Подъезжая утром 6-го к вилле княгини Любомирской, Джефферсон испытывал грусть, под которой еле слышно журчал ручеёк облегчения. Да, эта женщина была прелестна, неповторима, обворожительна. Но при этом слишком непокорна. Чтобы идти навстречу её порывам и желаниям, ему постоянно приходилось делать усилия над собой, в чём-то ограничивать свою свободу. Лучше будет, если она останется в его жизни далёкой мечтой, смутной надеждой, строчками надушенных писем. Писатель Стерн в своём «Сентиментальном путешествии» показал своим читателям, как можно любить на далёком расстоянии. Почему бы не последовать его примеру?
Княгиня сама вышла встретить его в гостиной. Она выглядела смущённой, взгляд её был полон сочувствия.
— Мария уже уехала, — сказала она. — Просила её извинить, оставила вам письмо.

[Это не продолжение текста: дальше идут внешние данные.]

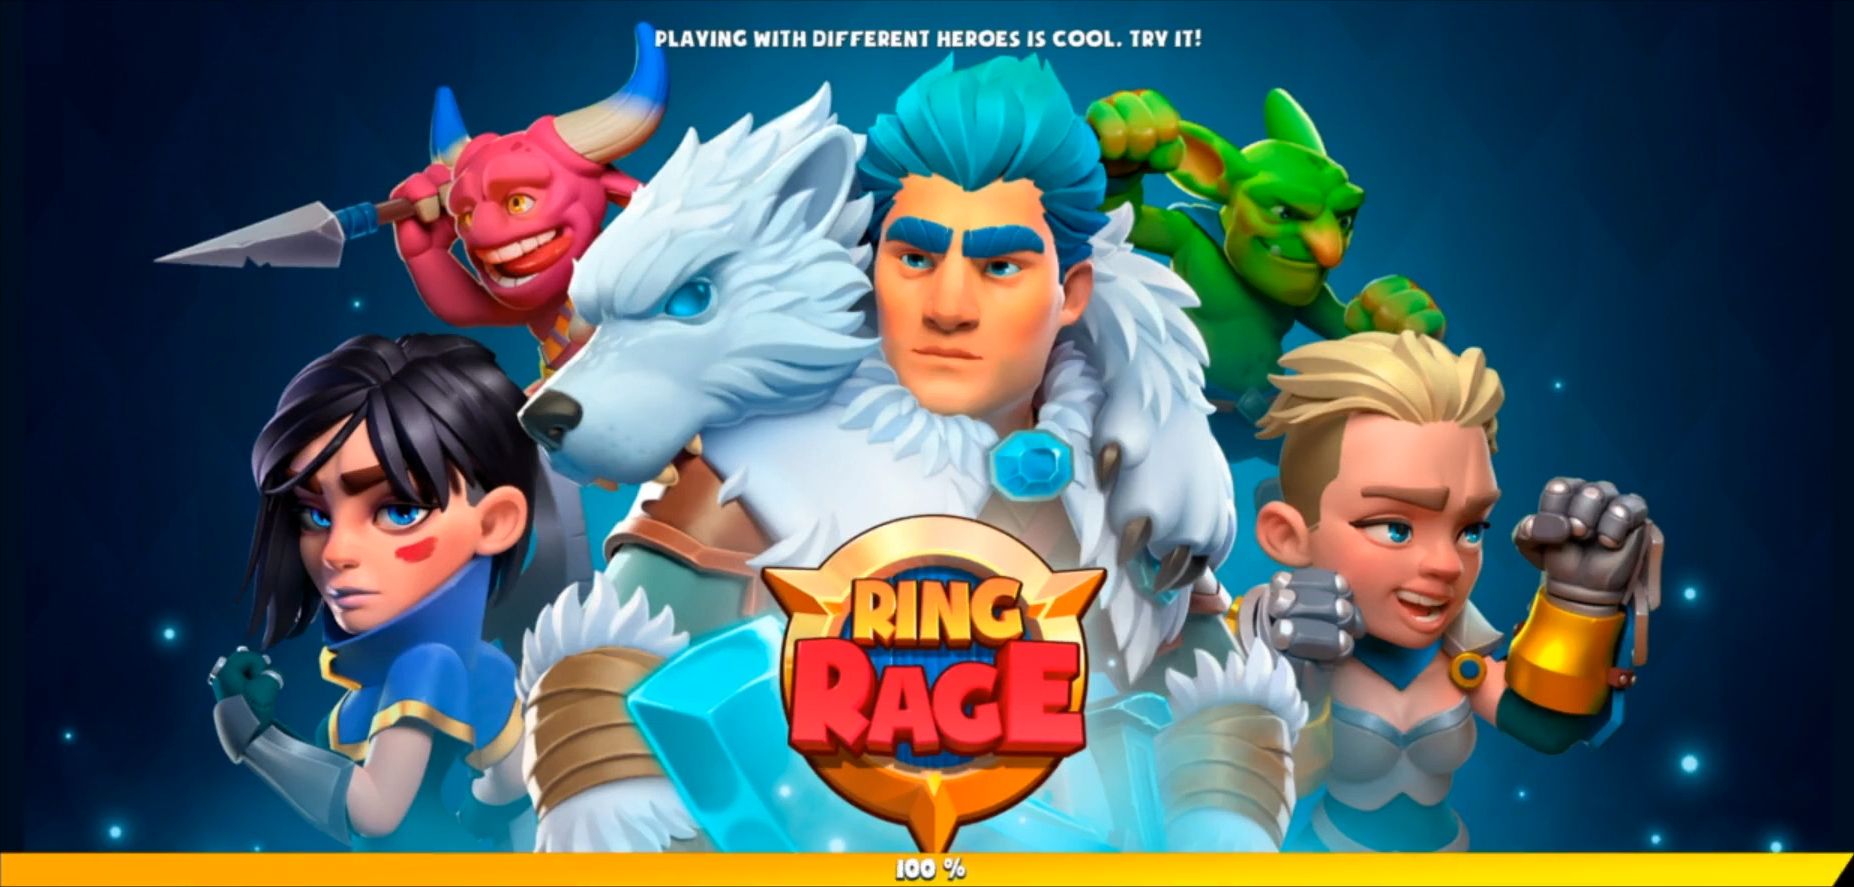 Descargar Ring Rage - Magic Battle Arena gratis para Android.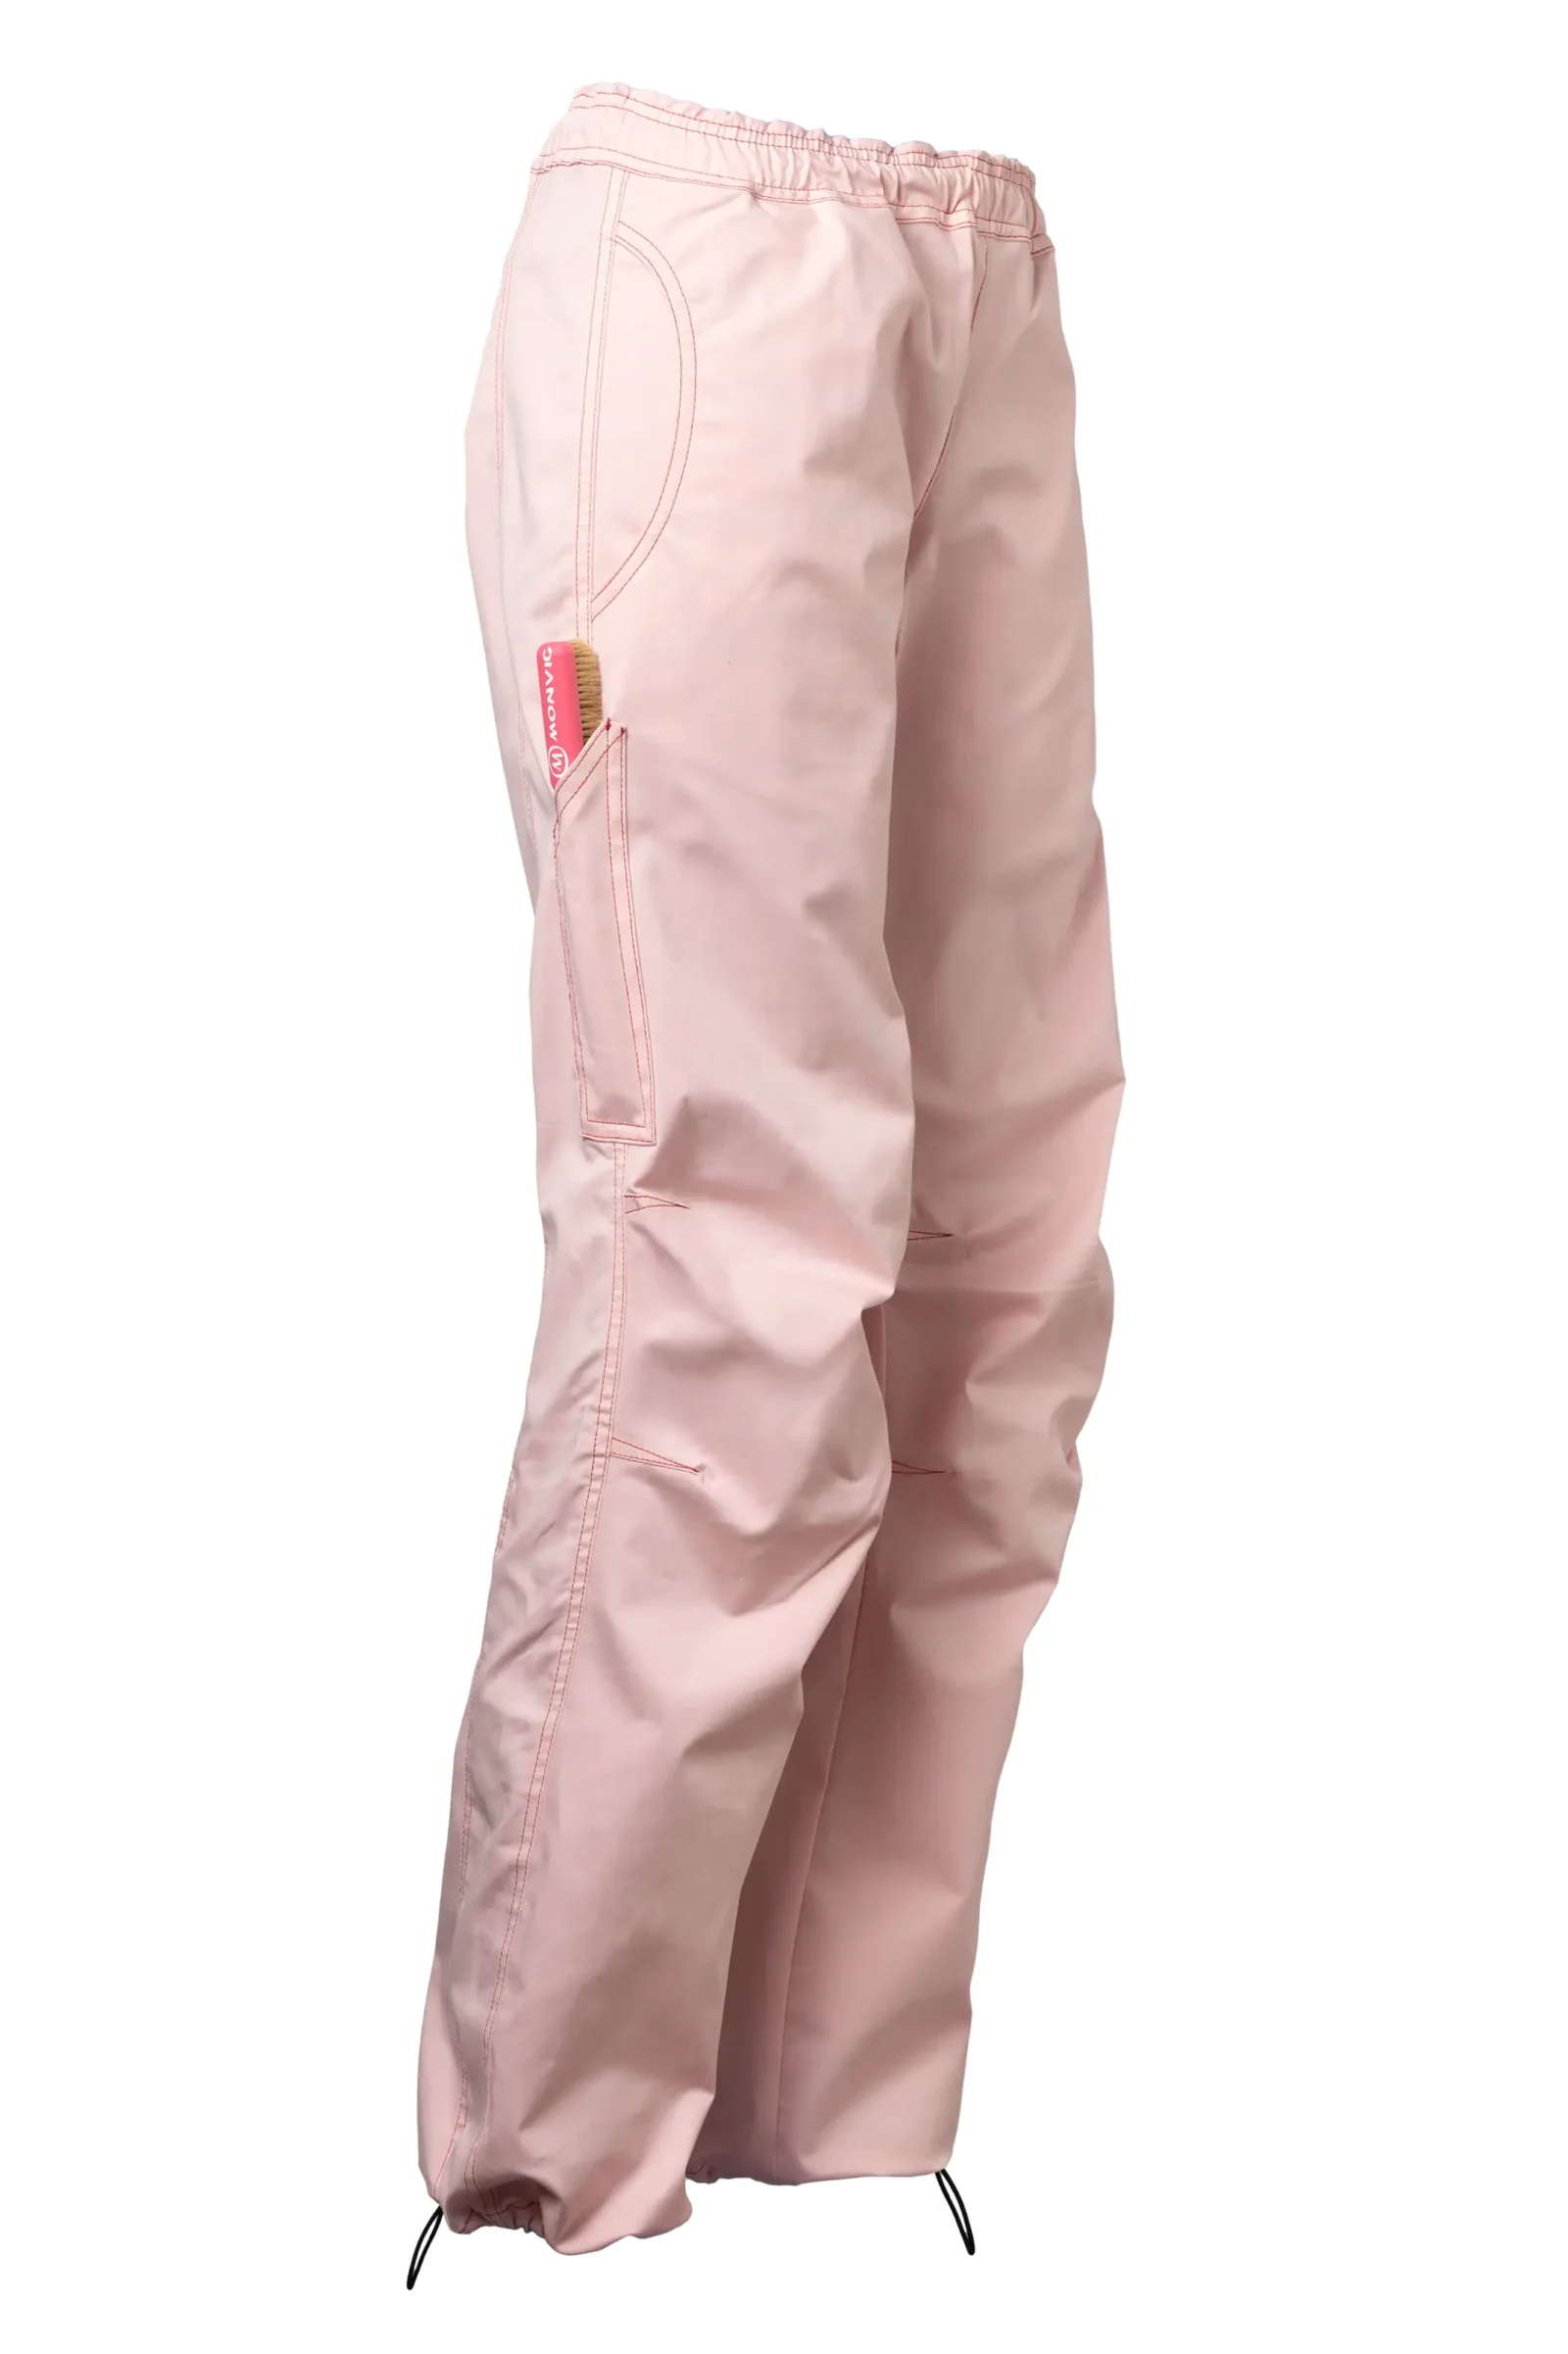 pantalone arrampicata sportiva donna - rosa chiaro VIOLET MONVIC cotone elasticizzato

Ошеломлённый Джефферсон с трудом распечатал конверт, не сразу смог поймать взглядом неровные строчки:
«У меня нет сил позавтракать с Вами завтра. Попрощаться один раз было достаточно больно. Я уезжаю в глубокой печали. То, что Вы отдали все заказы на портреты Трамбаллу, а не мне, показывает, насколько я Вам не нужна, насколько не могу быть полезной. А мне так хотелось бы отблагодарить Вас за доброе отношение ко мне».